Real-time 3D Deep Multi-Camera Tracking
- URL: http://arxiv.org/abs/2003.11753v1
- Date: Thu, 26 Mar 2020 06:08:19 GMT
- Title: Real-time 3D Deep Multi-Camera Tracking
- Authors: Quanzeng You, Hao Jiang
- Abstract summary: We propose a novel end-to-end tracking pipeline, Deep Multi-Camera Tracking (DMCT), which achieves reliable real-time multi-camera people tracking.
Our system achieves the state-of-the-art tracking results while maintaining real-time performance.

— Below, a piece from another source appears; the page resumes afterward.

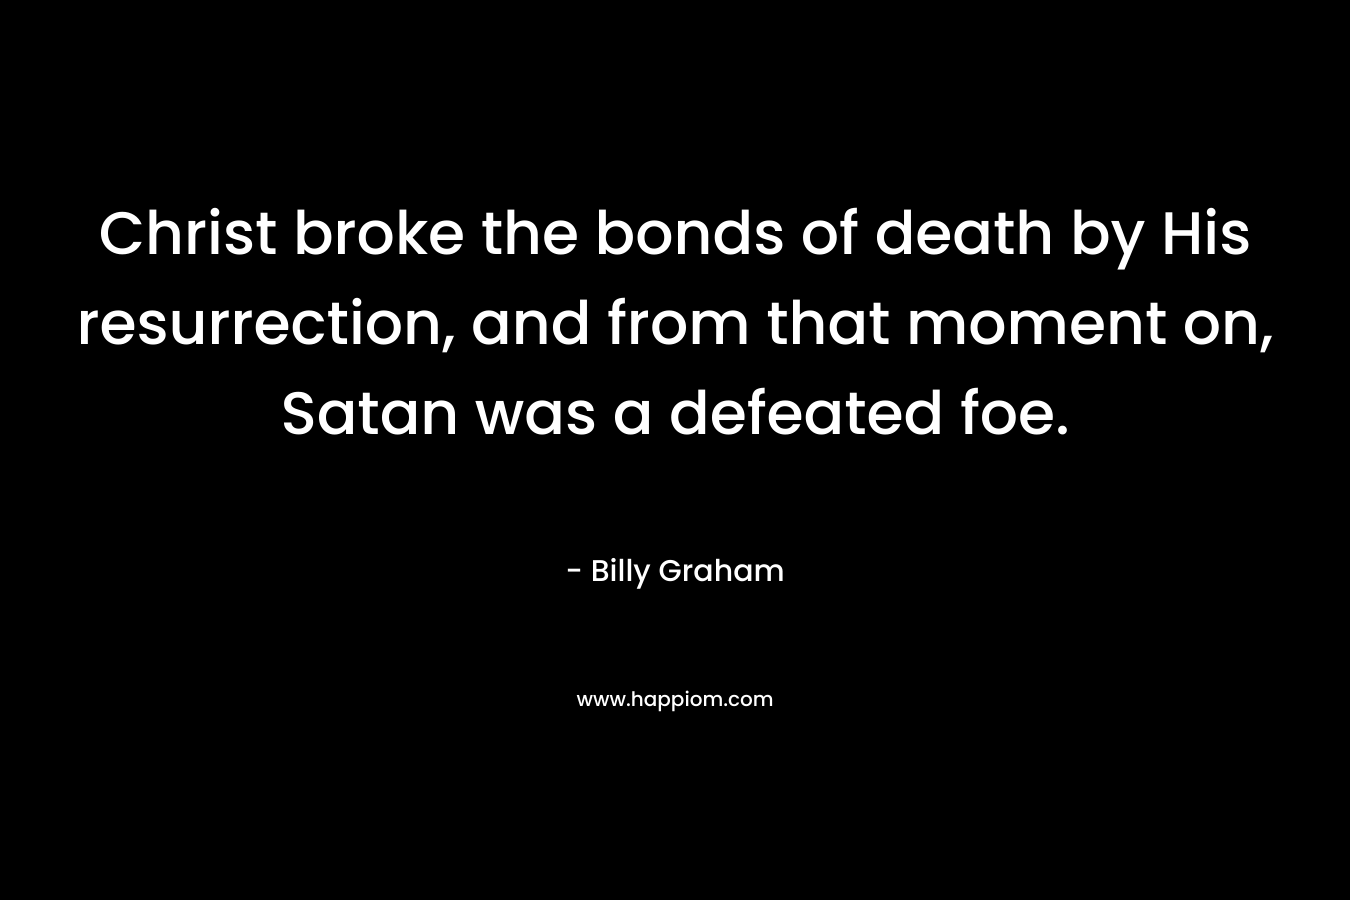 Christ broke the bonds of death by His resurrection, and from that moment on, Satan was a defeated foe. – Billy Graham

- Score: 13.494550690138775
- License: http://arxiv.org/licenses/nonexclusive-distrib/1.0/
- Abstract: Tracking a crowd in 3D using multiple RGB cameras is a challenging task. Most
previous multi-camera tracking algorithms are designed for offline setting and
have high computational complexity. Robust real-time multi-camera 3D tracking
is still an unsolved problem. In this work, we propose a novel end-to-end
tracking pipeline, Deep Multi-Camera Tracking (DMCT), which achieves reliable
real-time multi-camera people tracking. Our DMCT consists of 1) a fast and
novel perspective-aware Deep GroudPoint Network, 2) a fusion procedure for
ground-plane occupancy heatmap estimation, 3) a novel Deep Glimpse Network for
person detection and 4) a fast and accurate online tracker. Our design fully
unleashes the power of deep neural network to estimate the "ground point" of
each person in each color image, which can be optimized to run efficiently and
robustly. Our fusion procedure, glimpse network and tracker merge the results
from different views, find people candidates using multiple video frames and
then track people on the fused heatmap. Our system achieves the
state-of-the-art tracking results while maintaining real-time performance.
Apart from evaluation on the challenging WILDTRACK dataset, we also collect two
more tracking datasets with high-quality labels from two different environments
and camera settings. Our experimental results confirm that our proposed
real-time pipeline gives superior results to previous approaches.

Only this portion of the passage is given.